Here, in the heat pump system 1 according to the present embodiment, when the facility 10 cools water and the temperature of the water is lowered by DELTA T, each of the heat pump devices 20 is controlled to heat the water The processing flow of Fig. 5 showing the processing of the control device 30 will be described. It is also known in advance that the facility 10 cools the water input from the nth heat pump unit 20an through the water pipe 40 and decreases the temperature of the water by ΔT. The storage unit 302 stores the variation amount ΔT And stored in the data table TBL1. Here, the variation ΔT recorded in the data table TBL1 of the storage unit 302 by the facility 10 is calculated by the first heat pump unit 20a1, the second heat pump unit 20a2, , And it is a variation amount that changes the temperature of the water in the whole of the nth heat pump device 20an.

The variation reading unit 306 reads the variation? T corresponding to the facility 10 from the data table TBL1 of the storage unit 302 (step S1).
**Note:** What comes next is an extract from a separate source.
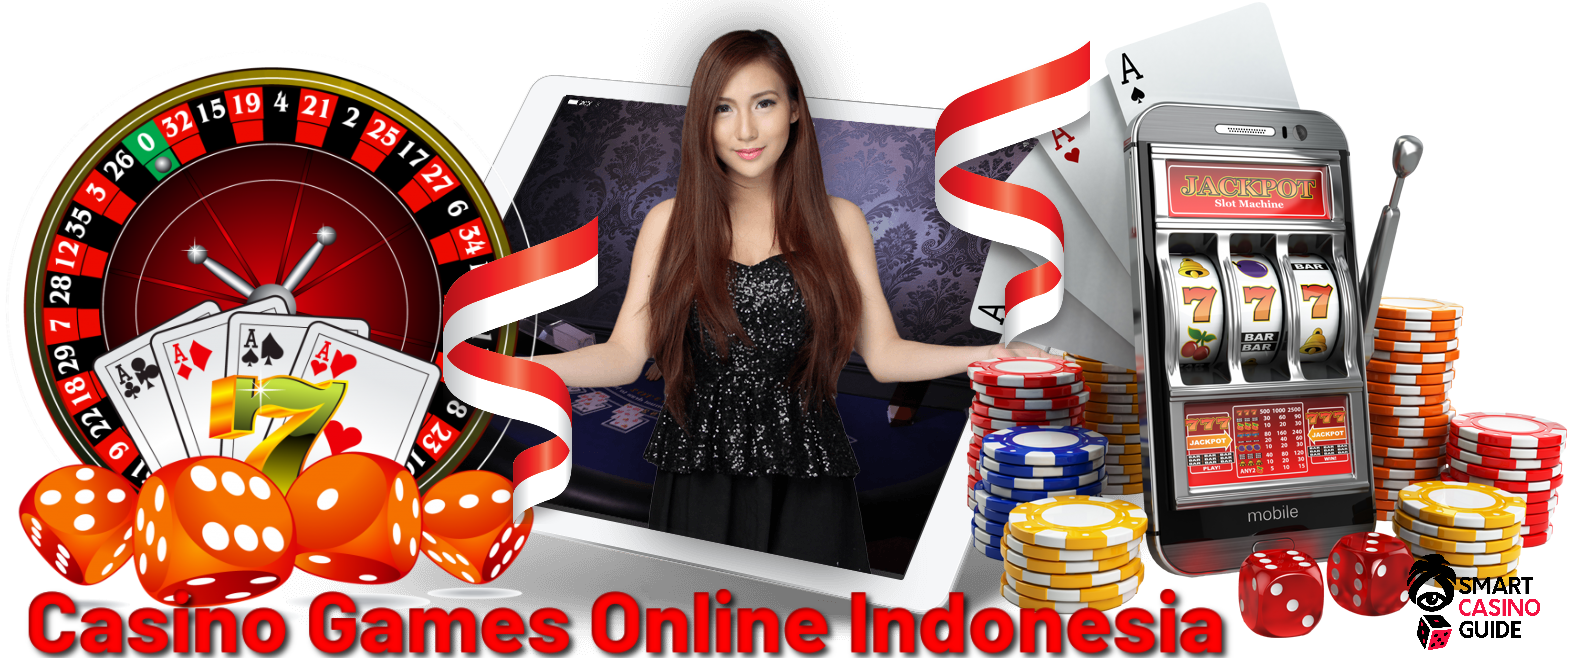 Indonesia Casino Online 2021 Online Gambling

For example, in the case of the data table TBL1 shown in Fig. 4, the variation reading unit 306 searches for and specifies the facility 10 in order from the head of the facility in the data table TBL1, (10) is specified and read out as the variation amount? T of the facility (10).

The variation amount reading unit 306 outputs the read variation amount? T to the variation amount allocation determination unit 305. [

When the variation amount? T is input from the variation amount reading unit 306, the variation amount allocation determination unit 305 determines whether the input variation amount? T, the first heat pump apparatus 20a1, the second heat pump apparatus 20a2, The nth heat pump device 20an, the input water temperature of the first heat pump device 20a1 of the most upstream, and the target outlet water temperature of the nth heat pump device 20an of the most downstream, And determines the allocation of each variation amount of the heat pump apparatus 20 at the normal time (step S2). For example, the variation amount allocation determination unit 305 determines the variation amount T of the variation amount, which is obtained by equally dividing the variation amount? T by the logarithm n of the heat pump device 20, It is decided by allocation.

The variation amount allocation determination unit 305 outputs to the variation amount allocation setting unit 307 the allocation of each variation amount of the heat pump apparatus 20 determined at the normal time.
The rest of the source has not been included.